Round-trip GeoJSON
Created by: jayvdb
I would like to be able to round-trip GeoJSON through csvkit, so that small operations can be done using csvkit in the middle, without resulting in strange diffs. https://github.com/wireservice/csvkit/pull/867 is part of this effort.
i.e. The following should have very minimal output.
$ wget https://raw.githubusercontent.com/lyzidiamond/learn-geojson/master/geojson/pdxplaces.geojson
$ in2csv -f geojson pdxplaces.geojson > pdxplaces.csv
$ csvjson --lon longitude --lat latitude --indent=2 pdxplaces.csv > pdxplaces.csv.geojson
$ diff -u pdxplaces.geojson pdxplaces.csv.geojson
Some of the diff results which need to be controllable using command line args:
- sequence of keys in a feature ; i.e. should
geometry
appear beforeproperties
or the opposite. It seems different tools make different choices for this ordering, and ideallyin2csv
can annotate its output with this ordering (assuming it is consistent throughout the input) so that csvjson can re-use the same ordering. - do not emit empty properties. Currently they are being emitted and mostly they shouldn't be emitted. (https://github.com/wireservice/csvkit/pull/869)
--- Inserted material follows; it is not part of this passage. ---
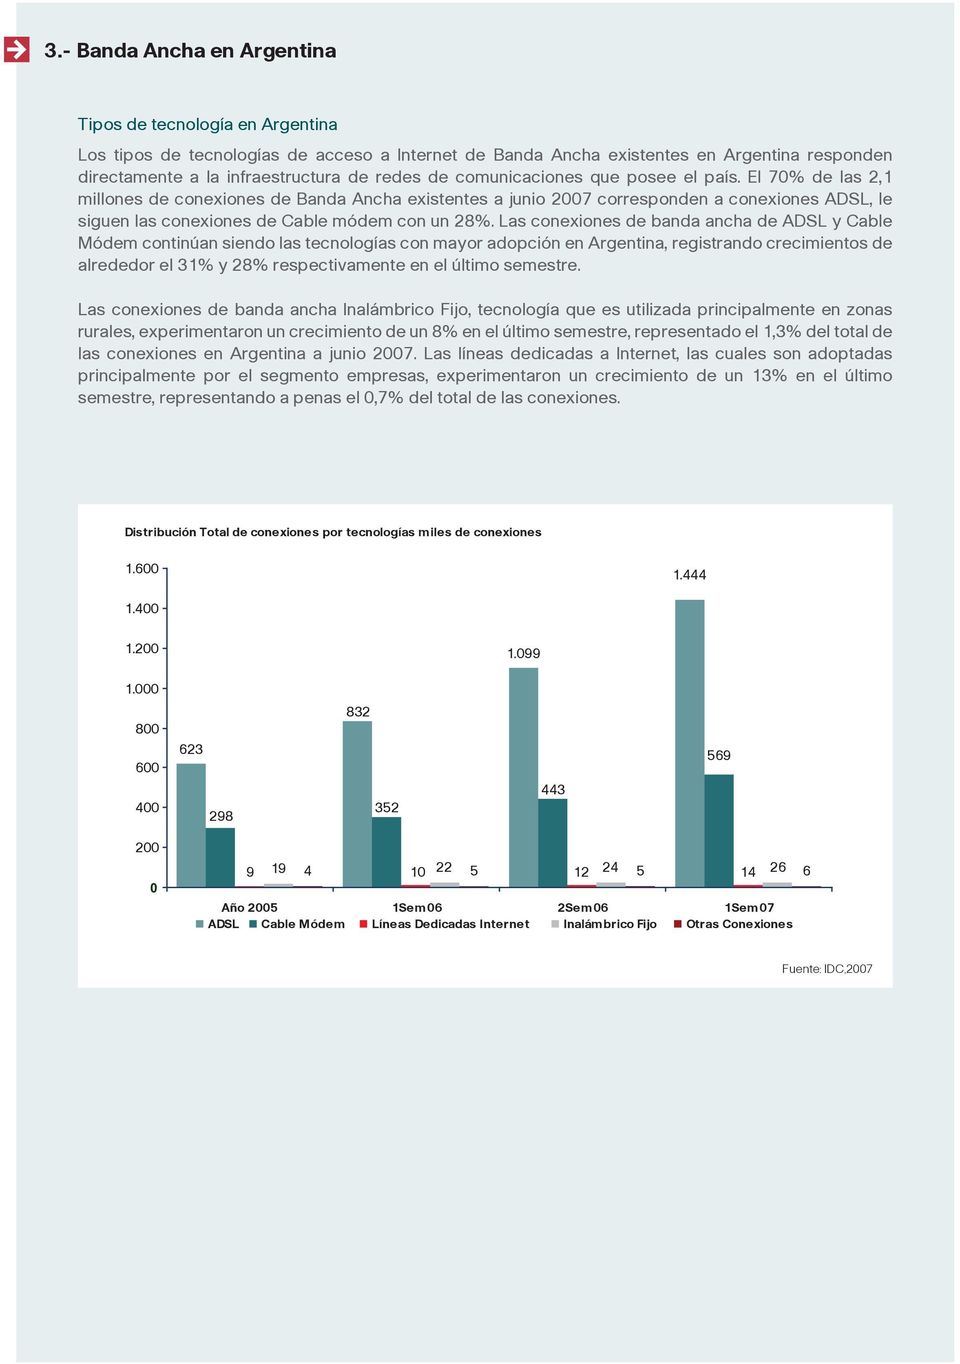 Las conexiones de banda ancha de ADSL y Cable Módem continúan siendo las tecnologías con mayor adopción en Argentina, registrando crecimientos de alrededor el 31% y 28% respectivamente en el último

- order the properties by key.
in2csv
adds a column when it sees a new property, which doesnt work well if many properties do not exist on the firstFeature
, but appear in latter nodes. Sorting could be a feature of in2csv orcsvjson
- generation of the
bbox
. It should be possible to disable this being computed and added, and it is non-trivial to compute it for complex geojson (c.f. https://github.com/wireservice/csvkit/pull/867). - other metadata (https://github.com/wireservice/csvkit/issues/870)
After simplistic solutions for those three, the diff looks like:
diff -u pdxplaces.geojson pdxplaces.csv.geojson
--- pdxplaces.geojson 2017-07-24 10:22:24.234446535 +0700
+++ pdxplaces.csv.geojson 2017-07-24 12:58:46.408943761 +0700
@@ -106,7 +106,7 @@
"properties": {
"Name": "place 2",
"Contributor": "geografa",
- "Reason": 2
+ "Reason": "2"
},
"geometry": {
"type": "Point",
@@ -164,8 +164,7 @@
{
"type": "Feature",
"properties": {
- "my polygon": "it's here",
- "Name": ""
+ "my polygon": "it's here"
},
"geometry": {
"type": "Polygon",
@@ -251,8 +250,8 @@
"type": "Feature",
"properties": {
"Name": "The Commons Brewery",
- "Reason": "Farmhouse ales, duh.",
- "Contributor": "Dillon Mahmoudi"
+ "Contributor": "Dillon Mahmoudi",
+ "Reason": "Farmhouse ales, duh."
},
"geometry": {
"type": "Point",
@@ -267,7 +266,7 @@
"properties": {
"Name": "Kenilworth Coffeehouse",
"Utility": "Excellent biscuits",
- "Coffee": "Yes"
+ "Coffee": true
},
"geometry": {
"type": "Point",
@@ -327,8 +326,7 @@
"properties": {
"Name": "Square 54",
"Contributor": "Henrik",
- "Reason": "Mystic zombie area",
- "my polygon": ""
+ "Reason": "Mystic zombie area"
},
"geometry": {
"type": "Polygon",
The change to "Coffee"
is concerning (and maybe there is a command line arg which would prevent that), but the rest of those changes are IMO a good "linted" output.